Эта сутолока действует на нее благотворно. Поднимаются лифты. Женщины, блестя глазами, хватают вещи. Шум, наполняющий уши, состоит из названий желанных предметов. Никто не собирается умирать. Нужно сознавать себя любимой, чтобы так остро желать быть красивой. Весь этот шум состоит из голосов любимых женщин. Ленты воскрешают. Развернувшиеся штуки шелка воскрешают. Нет ни одного букетика искусственных цветов, черепахового гребешка, карточки с кнопками, в которых бы сразу не угадывалось их назначение прельщать, доставлять удовольствие. Как приятно желание взять то, что видишь! В этом шкафу с выдвижной дверью висит, быть может, пальто, которое будет завтра на тебе; пальто для его первого взгляда. Маленький сквер в освещении тусклого дня; решетка; зимняя зелень; год разлуки, из которого ты выйдешь, как из леса на опушку.

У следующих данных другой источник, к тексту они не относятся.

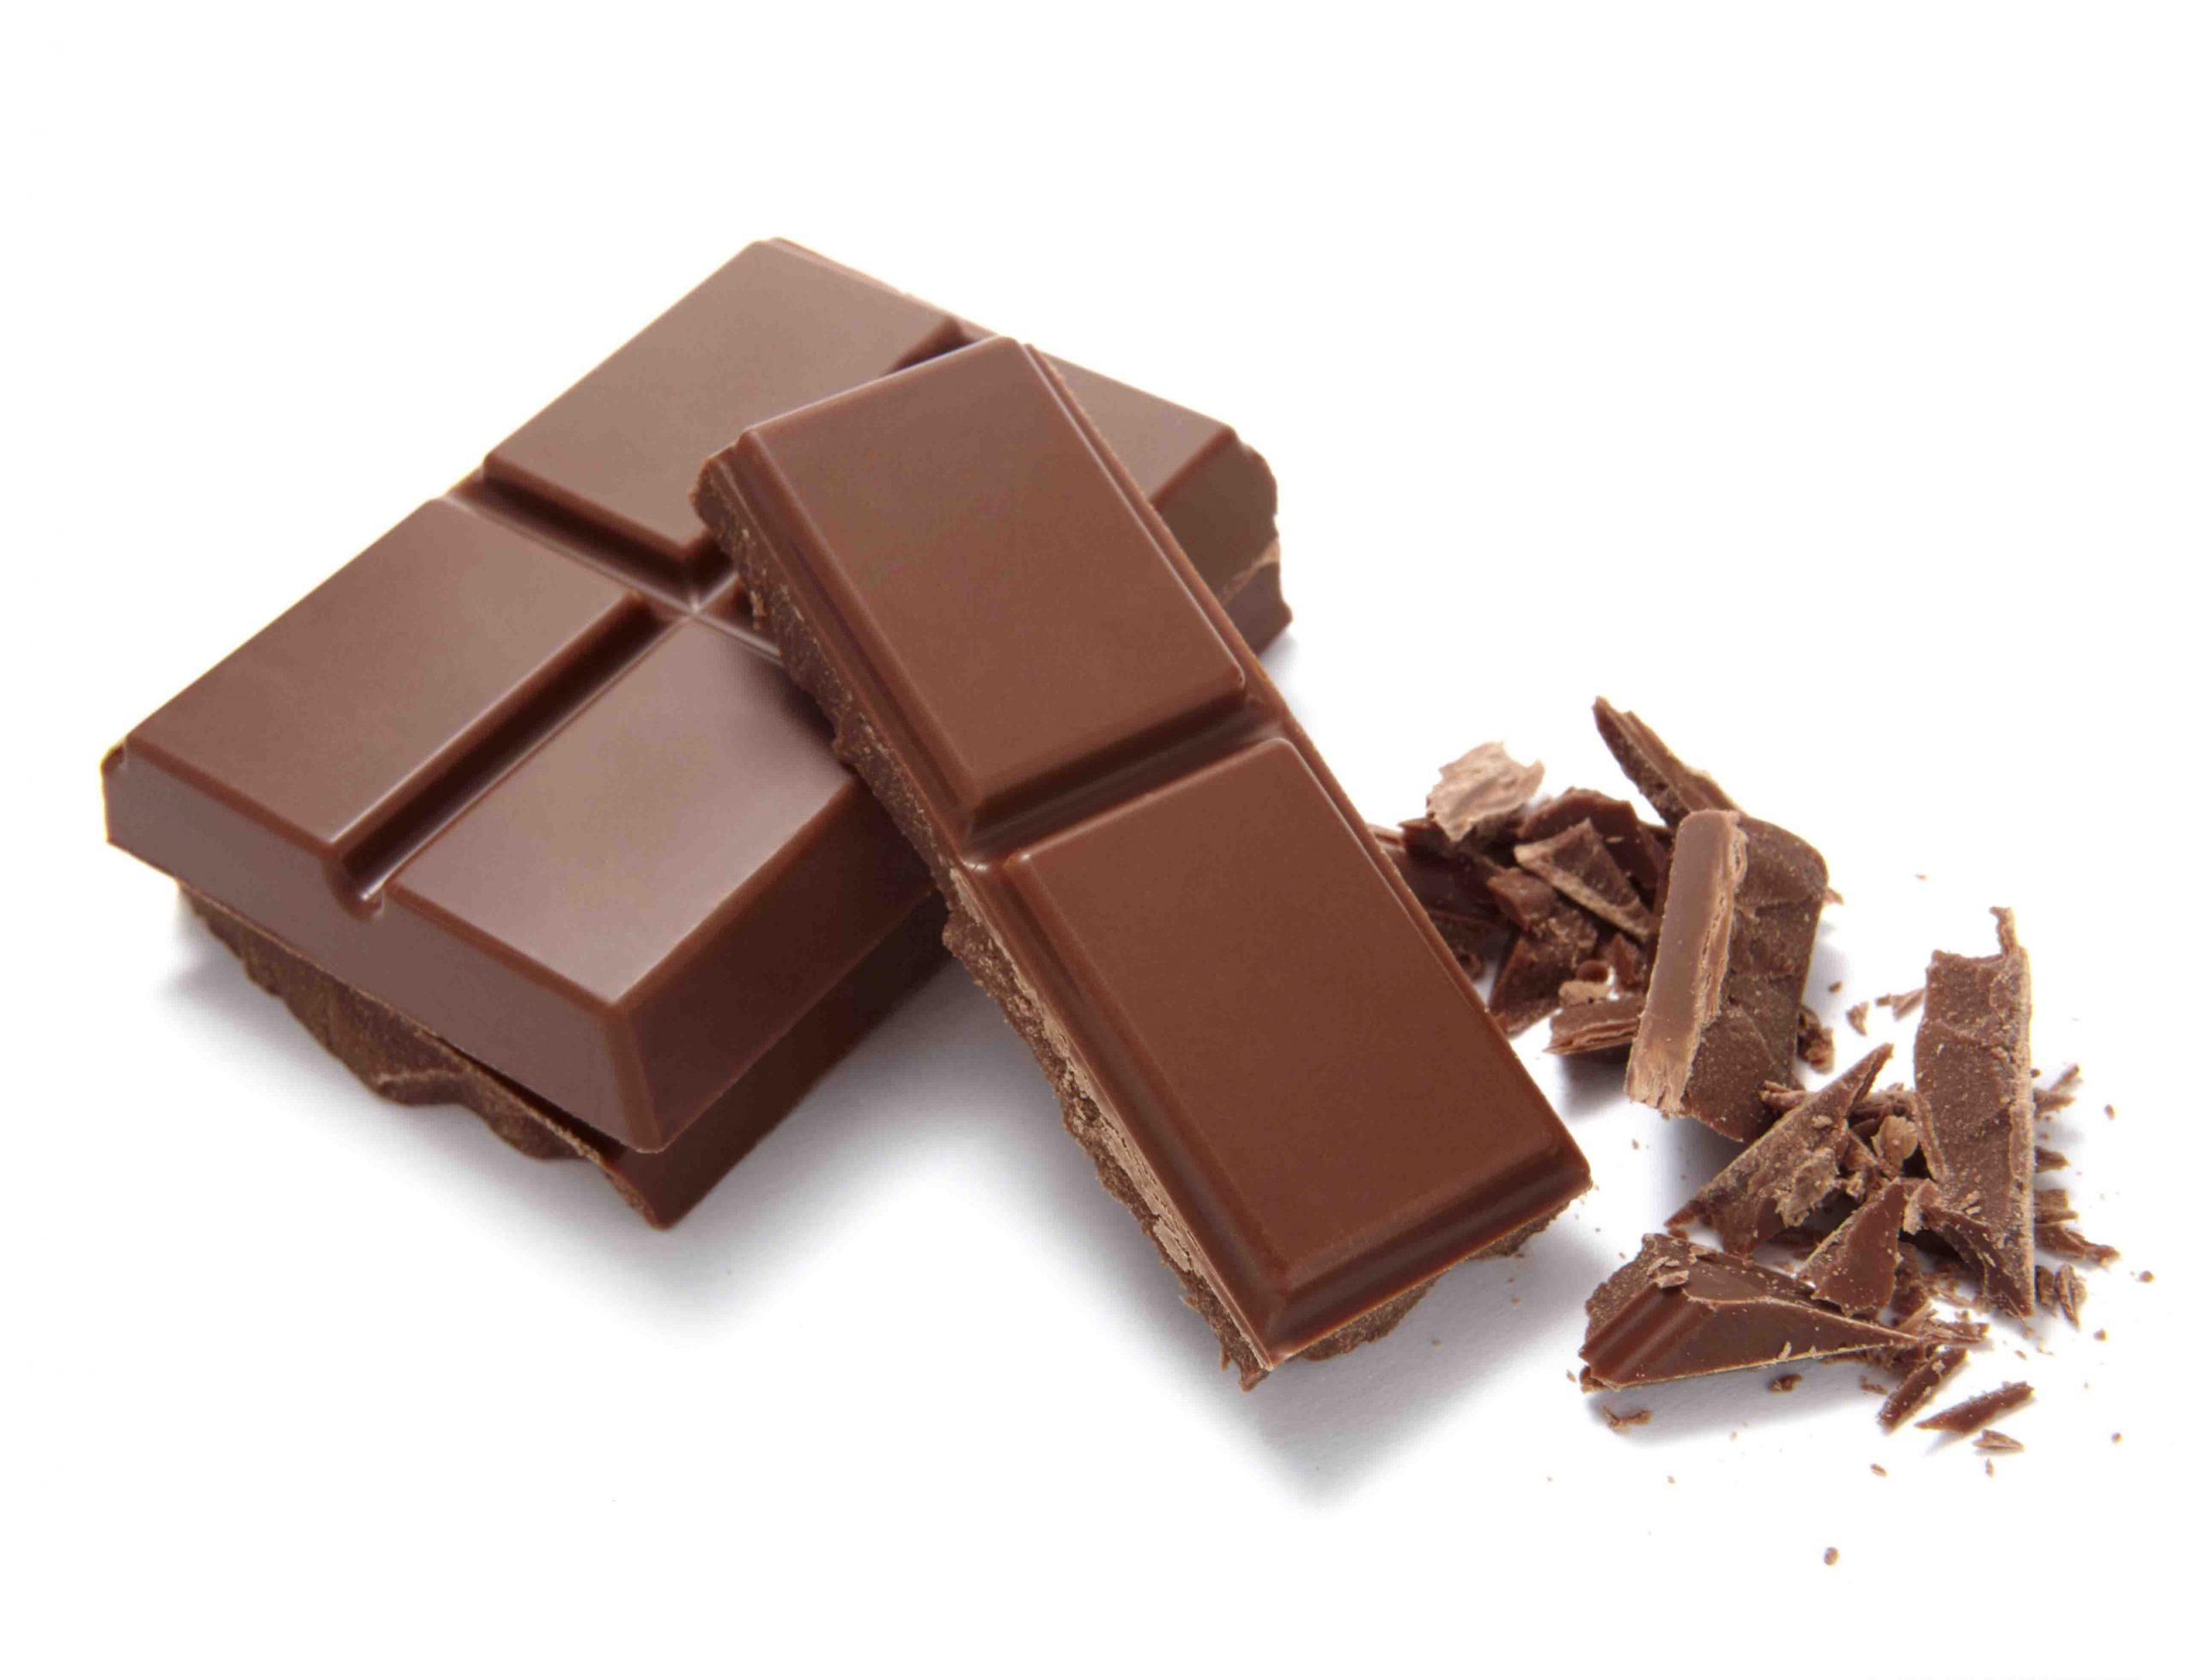 صورة أستراليا: الشوكولاتة مستحضر طبي !

— Право, мадмуазель, я не знаю, чем вам не нравится это пальто. Цвет? Но ведь это самый модный цвет… Ах, вы находите его слишком светлым?… Но ведь вы не носите траура?… В вашем возрасте, когда не носишь траура, и при темном цвете волос… темная материя будет производить слишком мрачное впечатление. Впрочем, как вам угодно…
Она не знает почему, но ей кажется, что она не должна предстать его «первому взгляду» в светлой одежде. Странная мысль? Да нет же. Она могла бы подкрепить ее десятком доводов, если бы ей хотелось искать их.
«Она меня тоже назвала мадмуазель».
Жерфаньон идет вниз по бульвару Сен-Мишель. День едва только занялся, но уже все полно бодрости и оживления. По городу носится шум поспешной уборки. Шаркают метлы; скрипят и сталкиваются тачки, мраморные столики выстраиваются на террасах. Ставни, распахиваясь, хлопают о стены. В бельевом магазине хозяин без пиджака, несмотря на холод, поднимает над витриной шит из волнистого железа. По-утреннему звучат даже конский топот, даже грохот колес.
Утро, ранним-рано. Так поет под черепною крышкой веселый трезвон. Жерфаньон проснулся в начале восьмого часа, когда было еще совсем темно. Хотя он лег поздно, после разговоров с Жалэзом о любви, но сказал себе вдруг: «Я встану».
Ему припомнился сент-этьенский поезд. «Я принял тогда отличное решение по временам видеть мир на рассвете».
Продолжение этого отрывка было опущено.